While the details of these events are not important for this discussion, several general principles are. First, at each level of the hierarchy, spatial order increases as the characteristic length scale decreases: the gap gene products form more and sharper gradients than the maternal coordinate gene products, the pair rule gene products form more and sharper gradients than gap genes, and so forth (Fig. 1; 2,3). Second, a given participant can act at more than one tier of the hierarchy and may both positively and negatively affect other participants (4). Third, overlapping stimulatory (e.g. Bicoid) and inhibitory (e.g. Hunchback) gradients work together to sculpt target patterns (**5). Fourth, positive feedback is important for sharpening gradients – Hunchback, for example positively regulates its own transcription (6). Fifth, negative cross-talk sharpens and positions boundaries between gradients. For example, loss of Krüppel results in expansion of giant expression toward the region that would normally be occupied by Krüppel (7).

Bicoid and Nanos are morphogens as originally envisioned: they diffuse and react with specific targets – gene regulatory elements (mostly) for Bicoid, mRNA for Nanos – and provide positional information by modulating target activity.
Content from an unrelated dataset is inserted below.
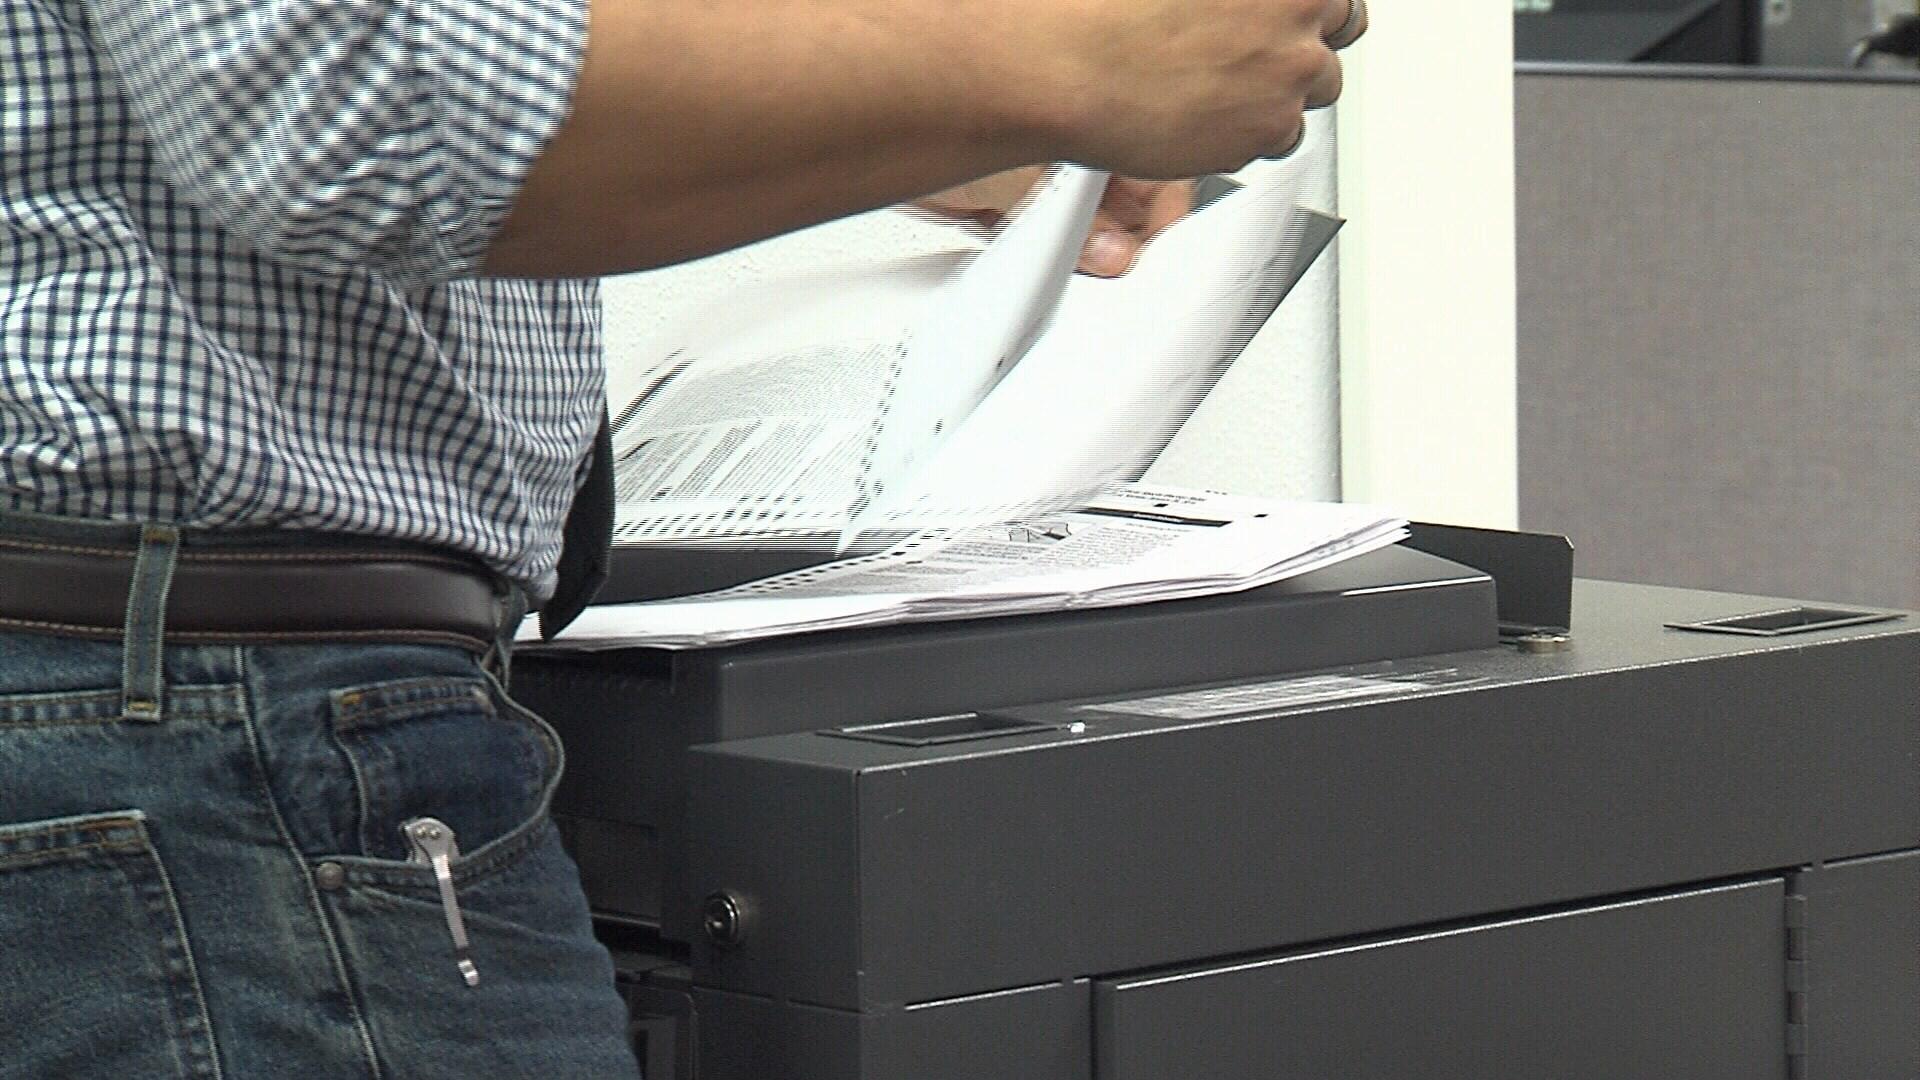 ballot machine

But they are also morphogens as the term has come to be accepted in the last few decades: they are deposited in gradients, and they have the curious property of exerting qualitatively different effects at different concentrations (3, 8, 9). Thus, rather than Bicoid simply promoting more expression of a particular gap gene at the top if its gradient and less in the middle of its gradient, it promotes the expression of different gap genes in these areas. This is a critical point: gradients of signaling molecules in single cells are typically assumed to recruit the same set of target proteins along their entire lengths. Thus, during cytokinesis for example, the top of the Rho gradient would be envisioned to have high concentrations of every available Rho target, while the middle would simply have lower concentrations of all those same targets. The analogy to classical morphogens suggests, however, that such intracellular gradients might have more complicated outputs.

Morphogens generate qualitative differences along their gradients through two idealized principles: differential affinity or local context. The affinity hypothesis proposes that distinct targets responses stem from differences in the affinity or sensitivity of those targets for the morphogens (Fig. 1). For example, it has been proposed that target genes whose upstream regulatory elements have high affinity for Bicoid will be activated at greater distances from the peak of the gradient, whereas those with the lowest affinity are activated only within the peak of the gradient (10). In the “context” model, qualitative differences are achieved by the action of two or more overlapping gradients that modulate the same target (Fig. 1; 3,**5). Real instances of morphogen gradient interpretation likely employ both idealizations to varying extents.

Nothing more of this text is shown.